Według Sądu Okręgowego materiał dowodowy potwierdził, że ubezpieczony w okresie od 1 lipca 1970 r. do 31 maja 1992 r. wykonywał stale i w pełnym wymiarze czasu pracy pracę w warunkach szczególnych, czyli prace przy spawaniu. Za prace "przy spawaniu" mogą być uznane prace wykonywane przez osoby zatrudnione nie tylko na stanowisku spawacza, pod warunkiem jednakże, że uczestniczą one w procesie spawania. Nie tyle zatem chodzi o nazwę stanowiska co o charakter wykonywanych czynności. Właśnie takie stanowisko daleko idące w ocenie charakteru pracy przy spawaniu, zaprezentował Sąd Najwyższy w wyroku I UK 192/07 (OSNP 2009/5-6/79) stwierdzając, że użycie określenia "przy spawaniu" zamiast terminu "spawacz" pozwala objąć nim także prace wykonywane w przebiegu procesu spawania przez pracowników niebędących spawaczami.

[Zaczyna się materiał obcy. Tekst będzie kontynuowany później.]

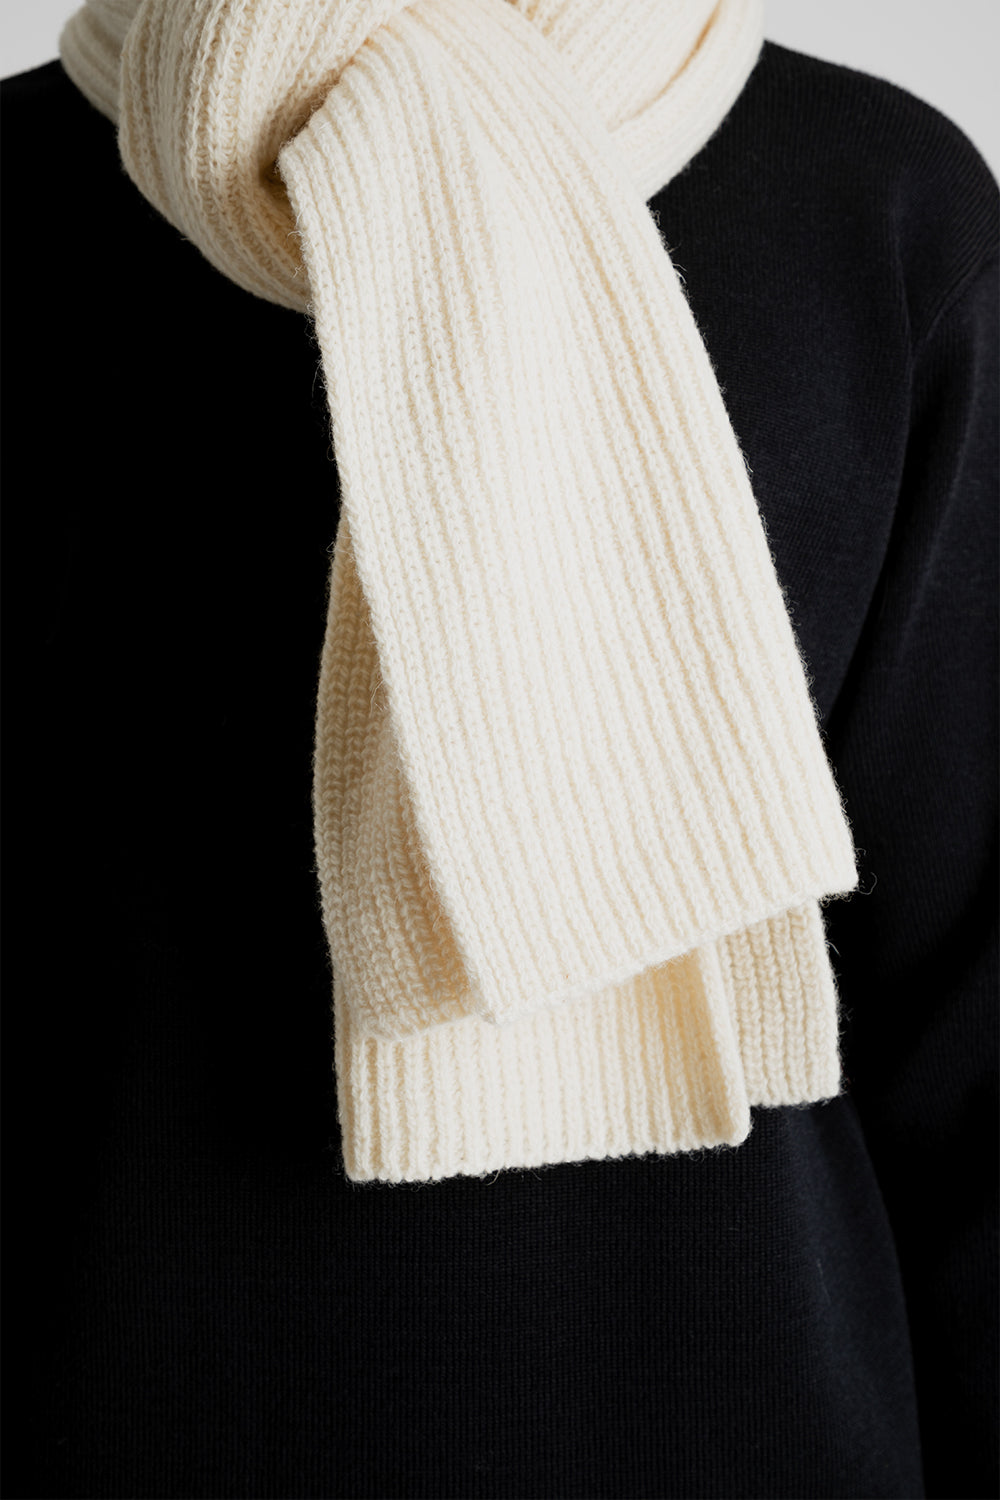 Parages Anton Shetland Scarf in Off White

Dalej sąd pierwszej instancji podniósł, że wykaz A prac w szczególnym charakterze, których wykonywanie uprawnia do niższego wieku emerytalnego, w dziale XIV „Prace różne” pod poz. 12 ujmuje prace przy spawaniu i wycinaniu elektrycznym, gazowym, atomowodorowym. Zarządzenie resortowe Ministra Budownictwa, Gospodarki Przestrzennej i Komunalnej z dnia 10 sierpnia 1983 r., w pkt 6 poz. 12 wykazu stanowisk, na których wykonywane są prace w warunkach szczególnych ujmuje stanowiska pracowników zatrudnionych w bezpośrednim sąsiedztwie stanowisk spawalniczych w wydziałach spawalniczych. Zatem, ubezpieczony legitymuje się ponad 15-letnim okresem pracy w warunkach szczególnych. Jako pracę w warunkach szczególnych sąd uwzględnił także okres od 28 listopada 1972 r. do 25 października 1974 r., w którym ubezpieczony odbywał zasadniczą służbę wojskową. Sąd Okręgowy uwzględnił i przyjął za własny pogląd Sądu Najwyższego wyrażony w wyroku z dnia 17 maja 2012 r., UK 399/11, iż okres służby wojskowej dla żołnierza zatrudnionego przed powołaniem do czynnej służby wojskowej w warunkach szczególnych (I kategorii zatrudnienia), który po zakończeniu tej służby podjął zatrudnienie w tych samych warunkach, jest nie tylko okresem służby w rozumieniu art. 6 ust. 1 pkt 4 u.e.r.f.u.s., ale także okresem pracy w szczególnych warunkach w rozumieniu § 3 i 4 rozporządzenia z dnia 7 lutego 1983 r. w sprawie wieku emerytalnego pracowników zatrudnionych w szczególnych charakterze.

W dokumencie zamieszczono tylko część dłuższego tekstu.